OFDM has been widely used in a variety of digital communication systems such as
digital video broadcasting, IEEE-802.11, IEEE-802.15, IEEE-802.16, and 4G cellular
technology. The communication systems using OFDM are resilient to multipath fading
in wireless environments and have low inter-symbol interference. Fast Fourier
transform (FFT) is the critical operation in OFDM. There are many existing high-
throughput and computation-efficient algorithms for the implementation of FFT. With
parallel processing in hardware, FPGA provides higher processing power than digital
signal processing (DSP) chip sets. For fast changing standards in communication it
is more cost effective to implement a new system by reprogramming FPGAs. Verilog,
one of the dominant design tools in the industry, is used to implement the OFDM
system on a FPGA.
The project aims to design and verify a complete orthogonal frequency division
multiplexing (OFDM) system on field programmable gate arrays (FPGA) using Verilog
hardware description language. A system consisting of a transmitter and receiver
will be implemented using OFDM techniques.
System Block

Motivations
The purpose of the 802.11ac amendment is to improve the WiFi user experience by
providing significantly higher throughput
for existing application areas, and to enable new market segments for operation
below 6 GHz including distribution of multiple
data streams. With data rate over 1 Gbps and several new features, throughput and
application-specific performance of 802.11ac
promise to be comparable to that of existing wired networks.
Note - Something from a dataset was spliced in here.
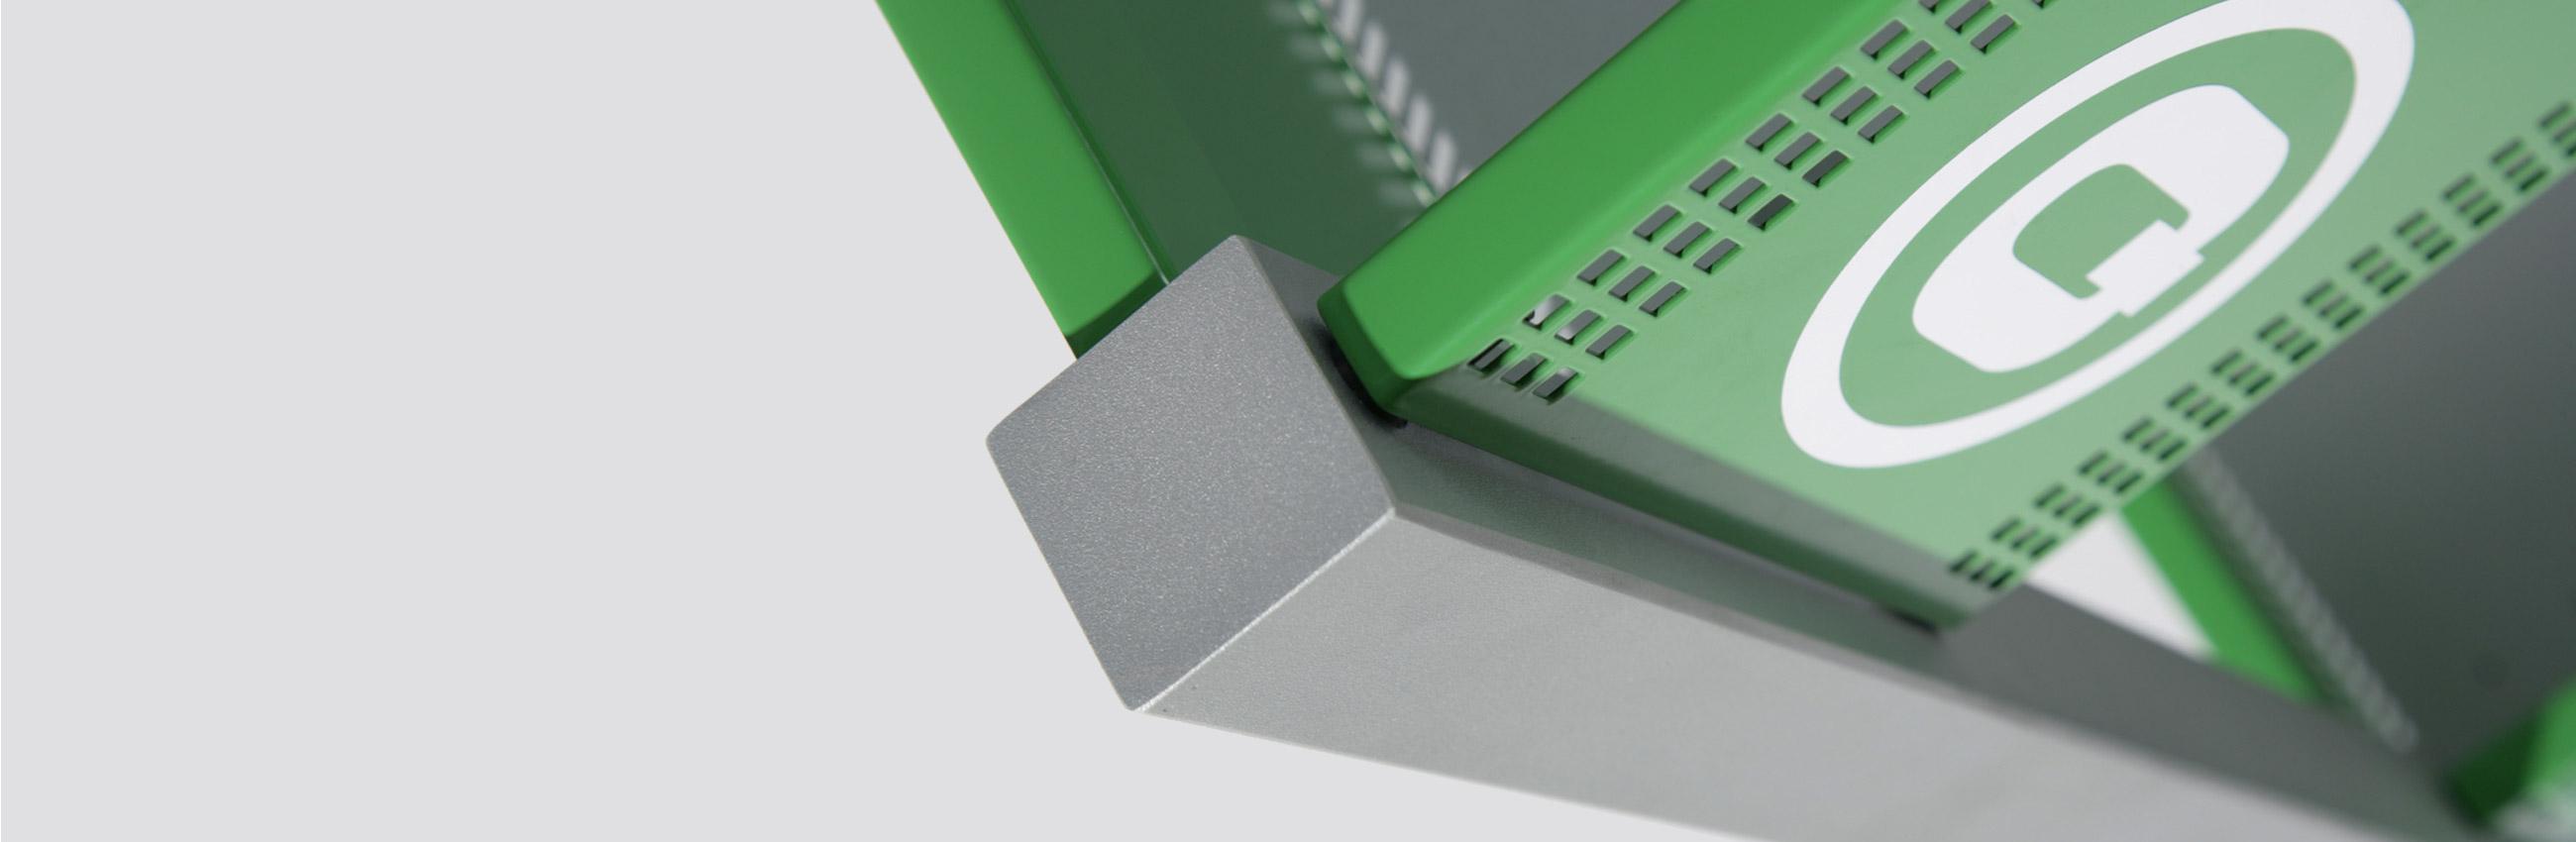 Quickschuh Displayständer

New Modulation and Coding Scheme (MCS)


802.11ac uses 802..11n OFDM (Orthogonal Frequency Division Multiplexing)
modulation, interleaving, and coding architecture.
Specifically, both 802.11ac and 802.11n require device support for BPSK, QPSK,
16QAM and 64QAM modulation.

Concluding Remarks
802.11ac represents a significant evolution in WLAN communication systems. 802.11ac
devices make use of OFDM modulation
principles as 802.11n, but use wider channel bandwidth, higher modulation, more
stream, and enhanced MIMO techniques to
increase throughput and enable faster, new applications.